→ **WHAT IS BEING ASKED**:
From the entries below, please output exactly the lines starting at the one containing "Boy reading story" and ending at the one containing "Kirkland Signature Botella", both included.

→ **MATERIAL SUPPLIED**:
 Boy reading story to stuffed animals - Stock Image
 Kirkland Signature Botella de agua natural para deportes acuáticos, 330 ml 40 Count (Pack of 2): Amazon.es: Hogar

==

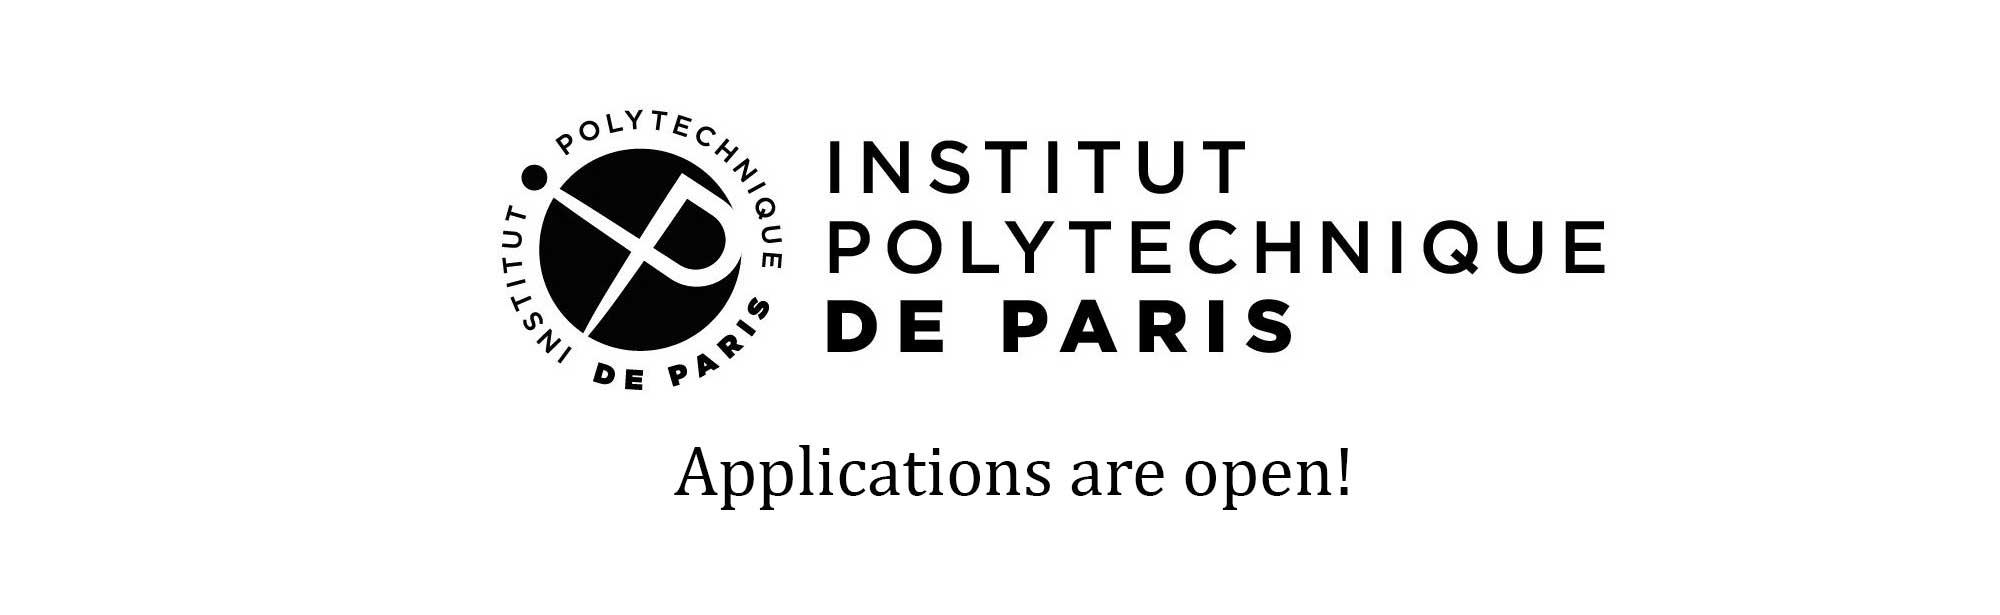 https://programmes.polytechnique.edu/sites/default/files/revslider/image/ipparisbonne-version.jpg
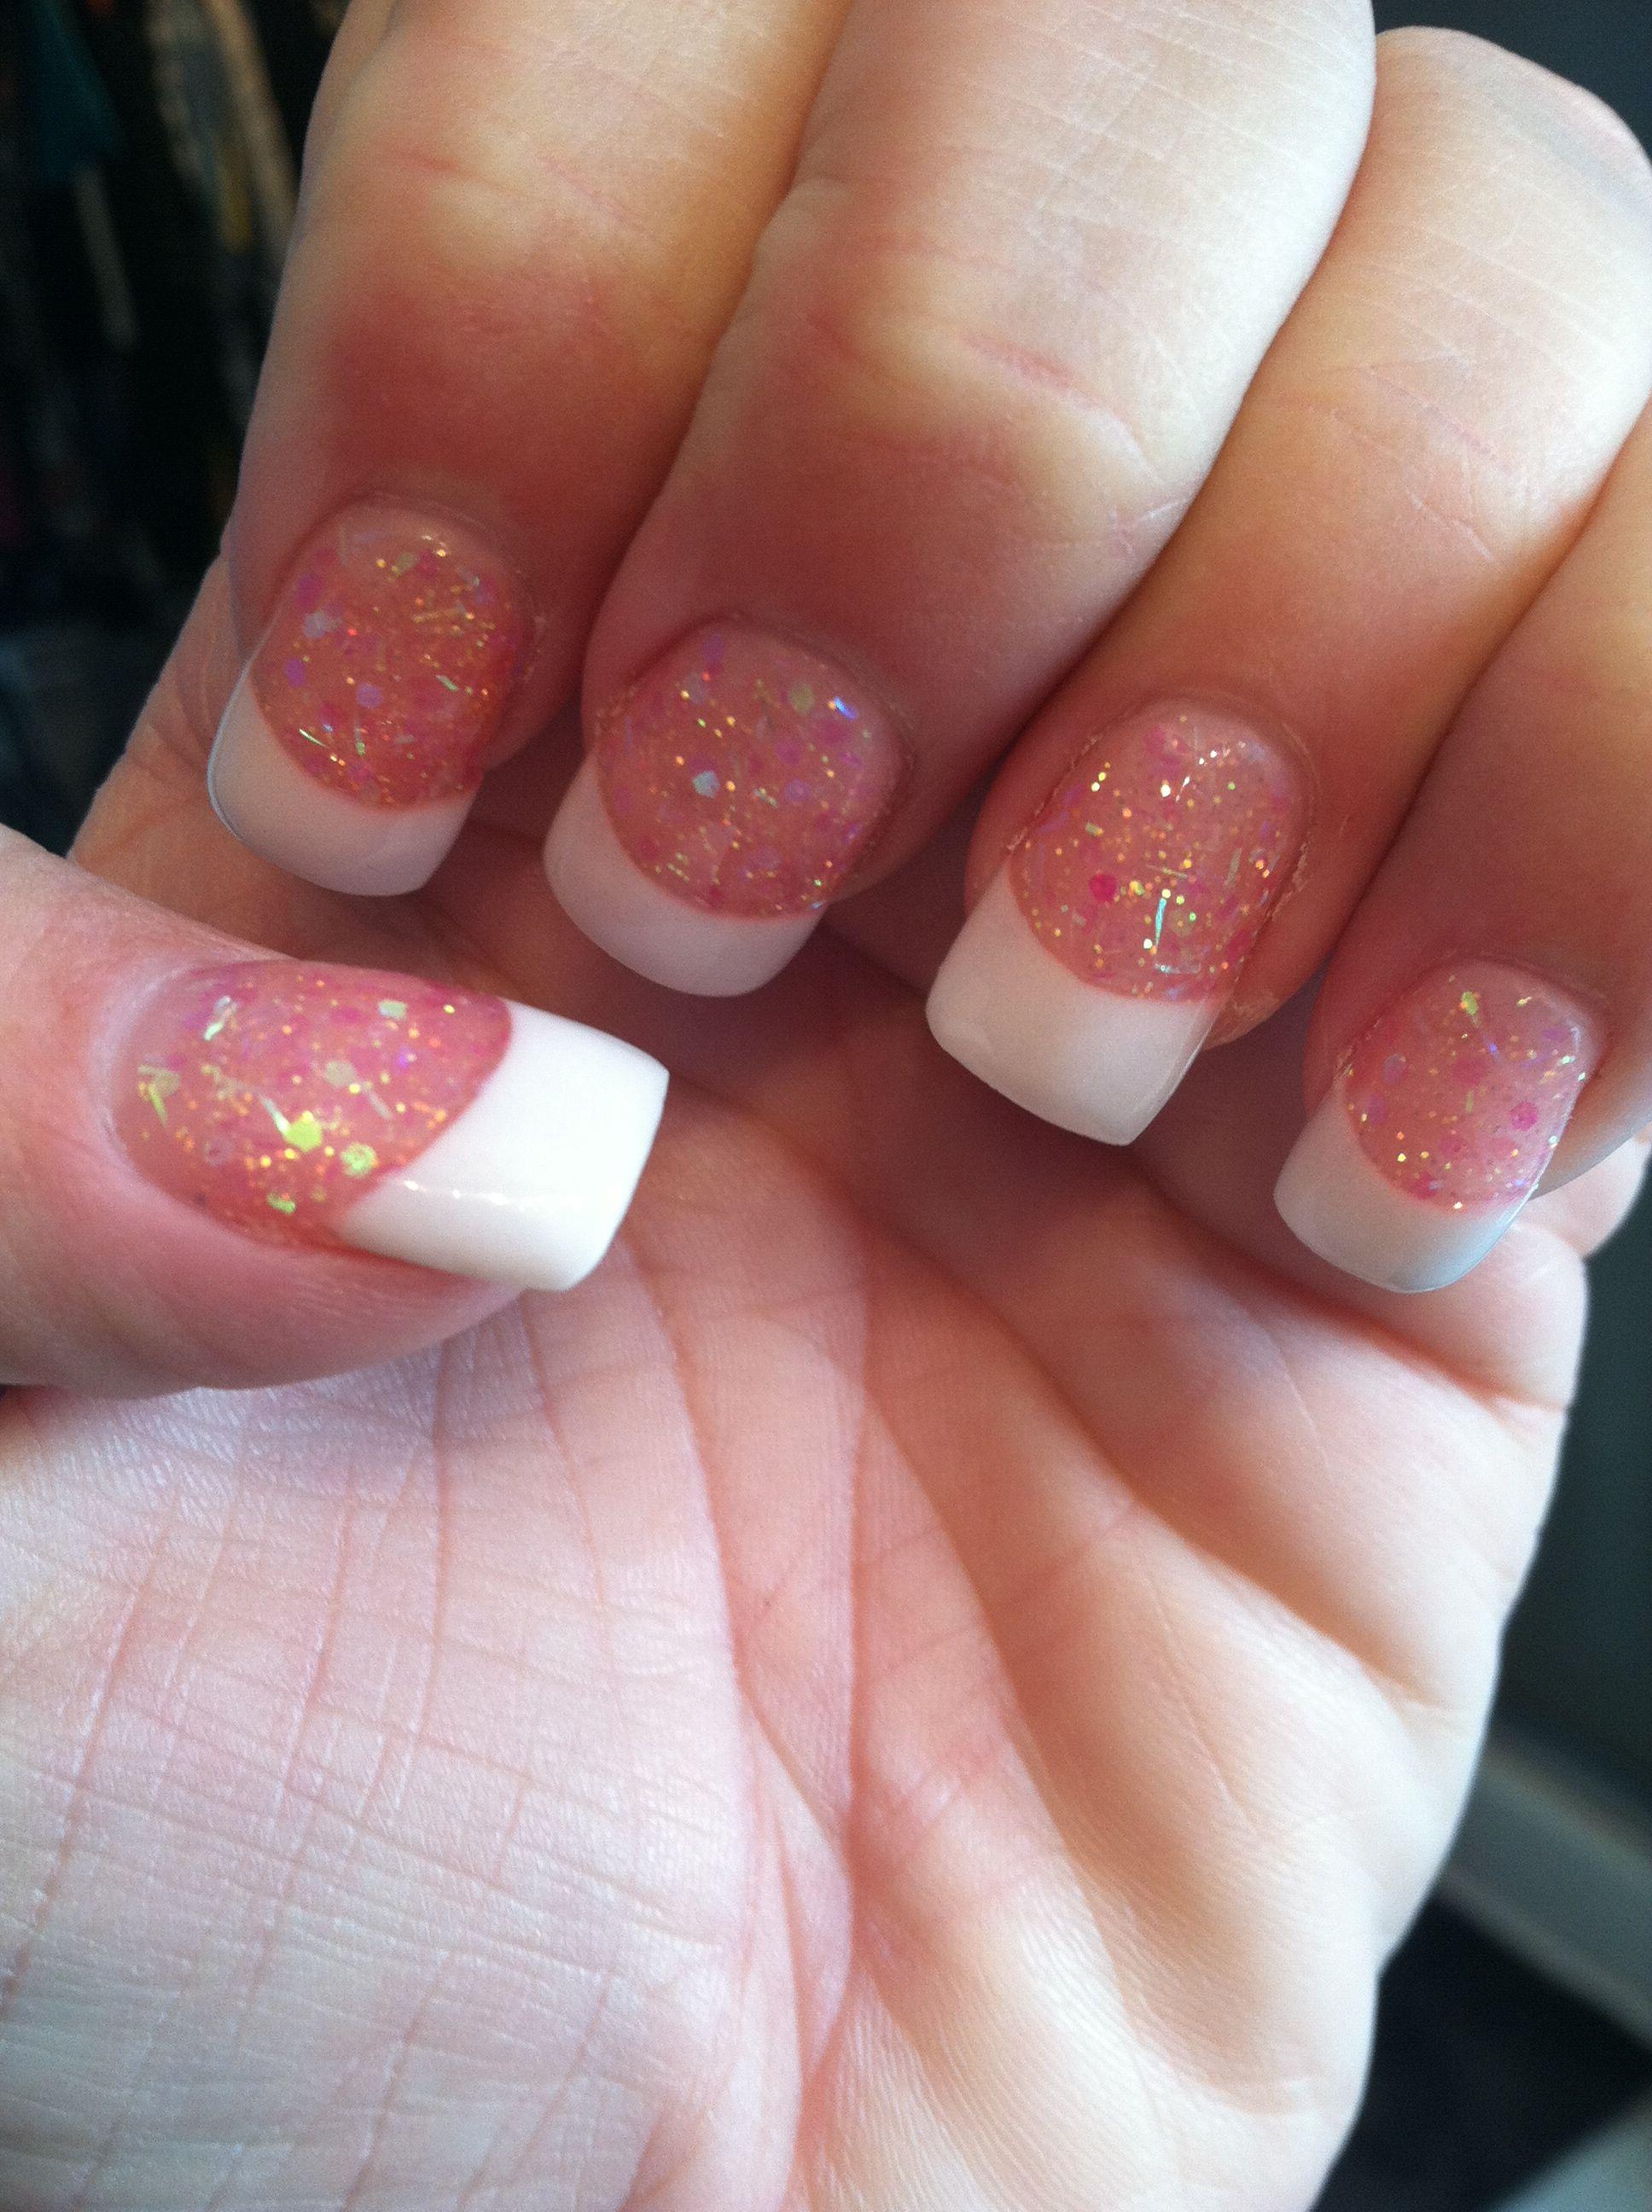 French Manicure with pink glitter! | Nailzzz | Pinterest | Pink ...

→ **EXPECTED ANSWER**:
 Boy reading story to stuffed animals - Stock Image
 Kirkland Signature Botella de agua natural para deportes acuáticos, 330 ml 40 Count (Pack of 2): Amazon.es: Hogar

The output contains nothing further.